This year has also been the first to really allow us to establish a correlation between Bitcoin and the equities market, and the rout since last Thursday has affected both.
Swan Bitcoin app chief executive Cory Klippsten told Forbes last week that while bitcoin price movements have been highly correlated to U.S. stocks this year, over the short-term, over the longer term, “bitcoin has proven to be uncorrelated.
“Bitcoin has proven to be uncorrelated over the longer term. At a minimum it is a hedge against fiat inflation, but it also functions as a call option on a new global monetary system,” Klippsten said, noting that there is likely to be some hungry buying of bitcoin if it dips below $10,000, which it has as of the time of writing.
So how much buying on the dip is going on so far? It’s hard to tell, but CoinDesk, using Glassnode data, notes that the number of “accumulation addresses” has increased by 2% in the past three weeks as bitcoin went from $12,400 to under $10,000.
Figuring out any correlations between bitcoin and the US dollar, bitcoin and the equities market or bitcoin and gold has largely been a fool’s errand over the long term.
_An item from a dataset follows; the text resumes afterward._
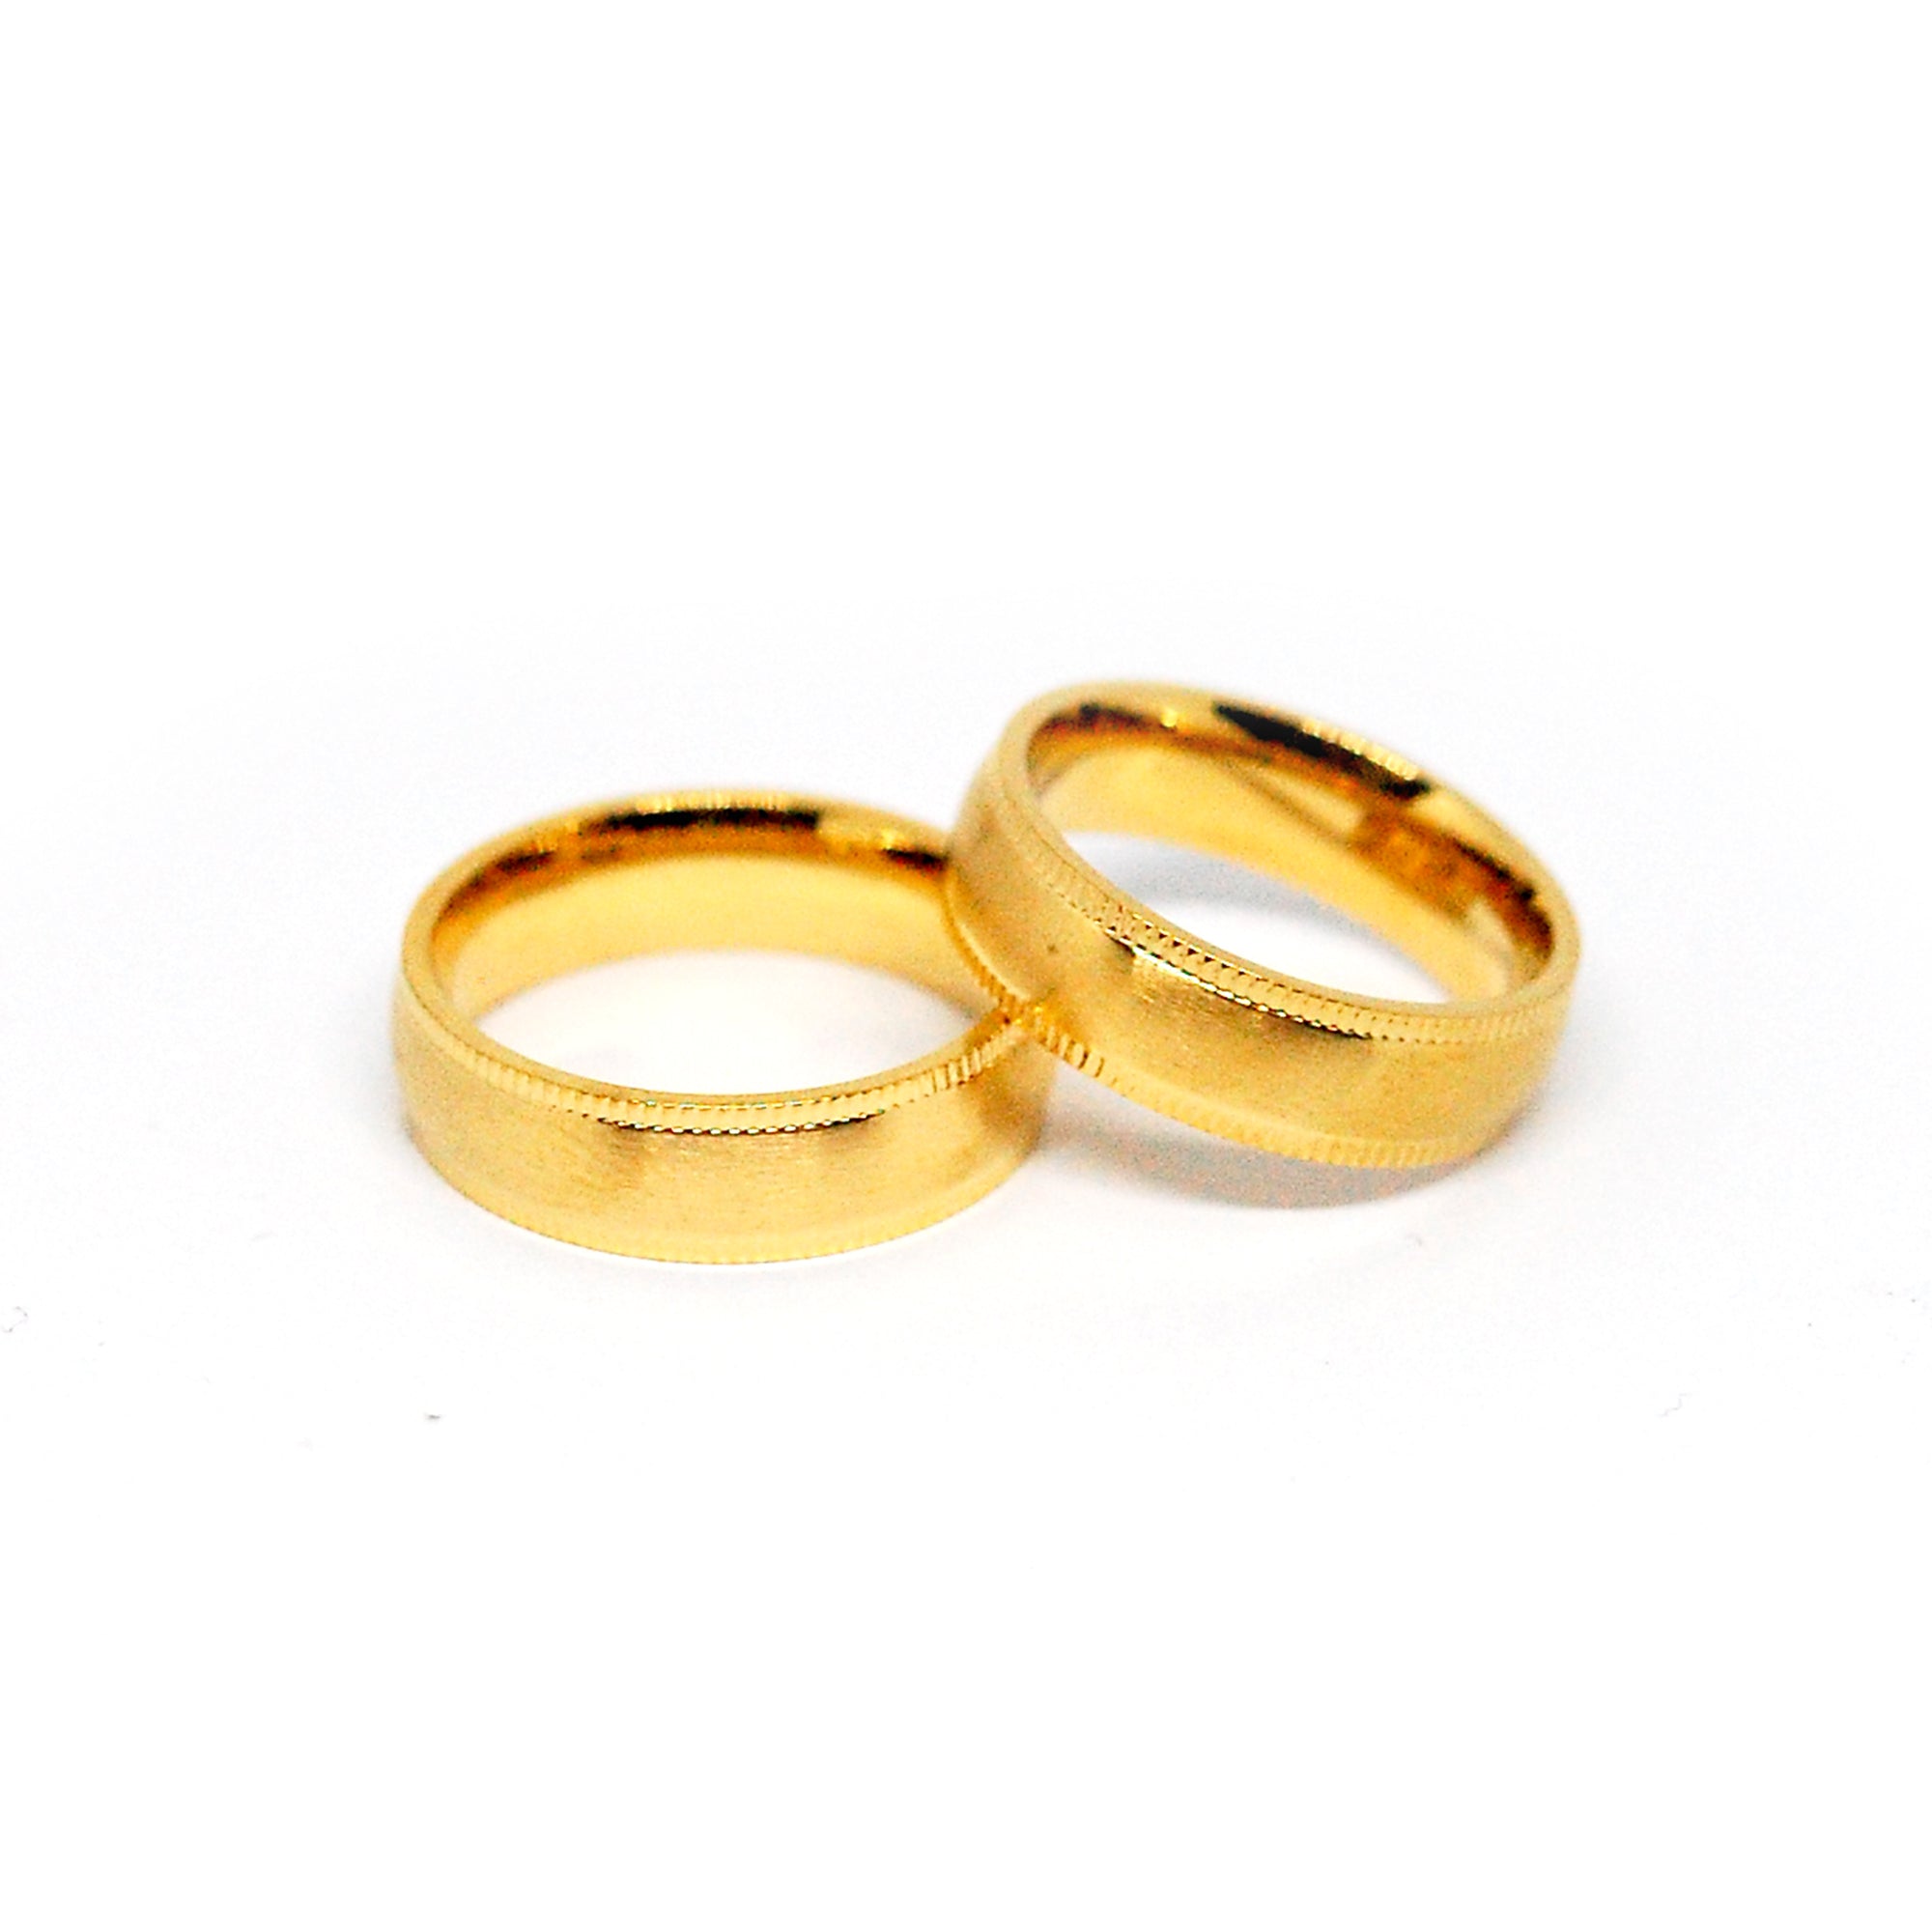 ESR 7538: Kylie All Gold-Plated 6mm Satin Ring w/ Etched Edges
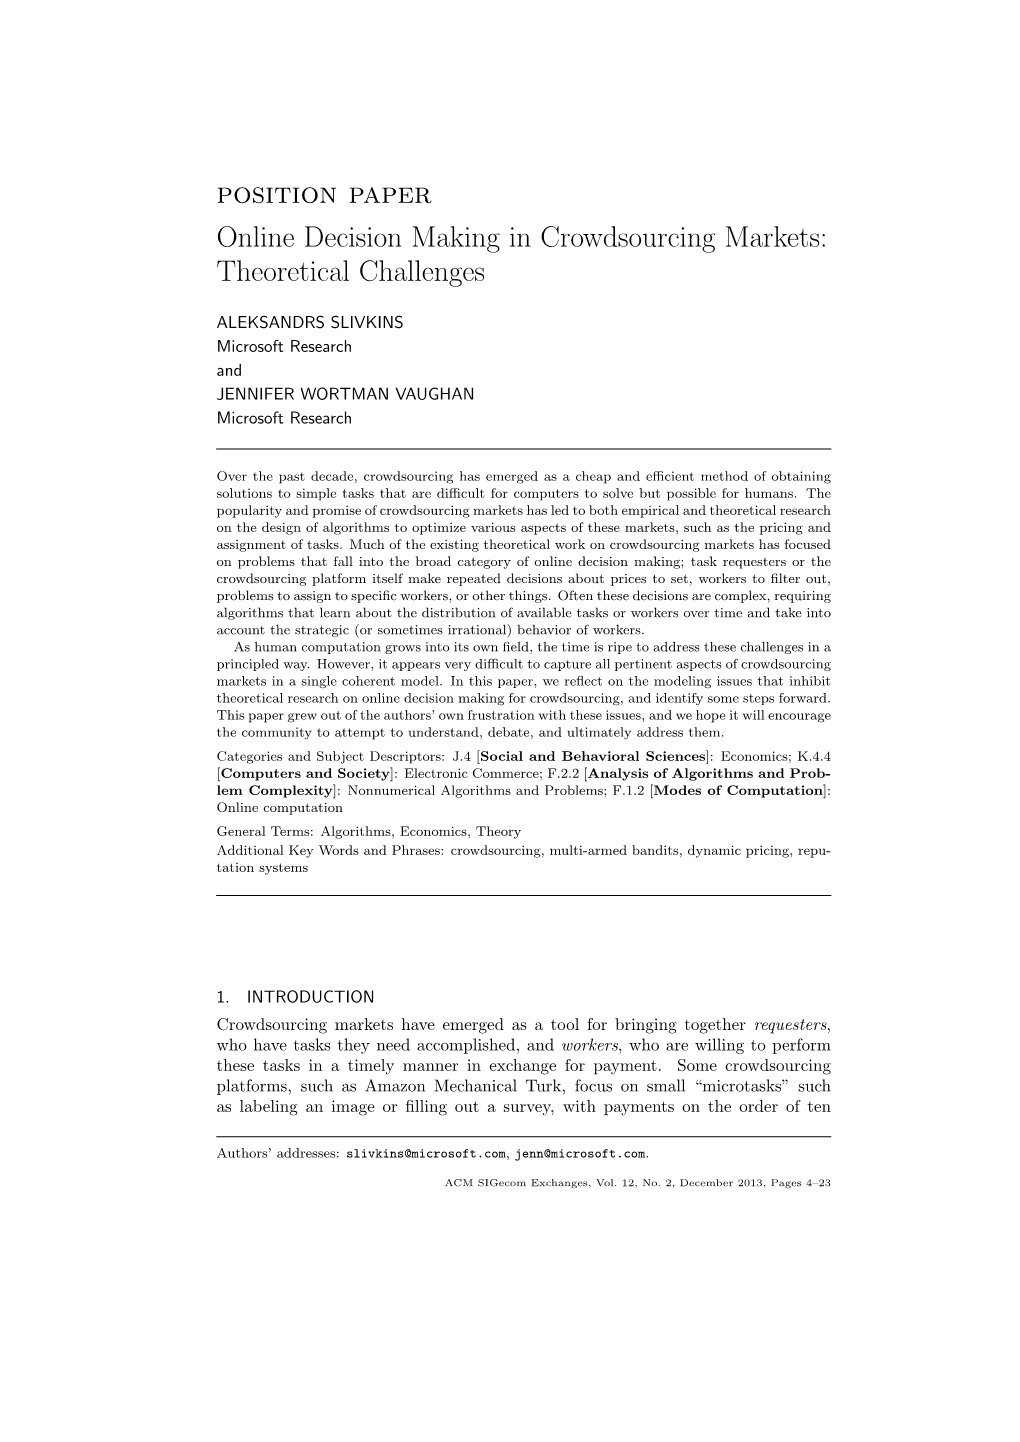 Position Paper Online Decision Making in Crowdsourcing Markets: Theoretical Challenges

Peter Schiff, a long-time gold bug who doesn’t care much for bitcoin, always thought that if gold rose to new highs, bitcoin would collapse. But that didn’t happen last month when gold was climbing and bitcoin was climbing right along with it.
On the other side of this divide we have the Winklevoss twins, who have been in an ongoing Twitter showdown with Schiff, with the former predicting that $10,000 is the new $1,000 for bitcoin. In other words, $10,000 is the baseline for any new dips in the cryptocurrency. Schiff, even though he’s seen that bitcoin didn’t follow gold in the other direction in August, still thinks this is just bitcoin consolidating before a crash.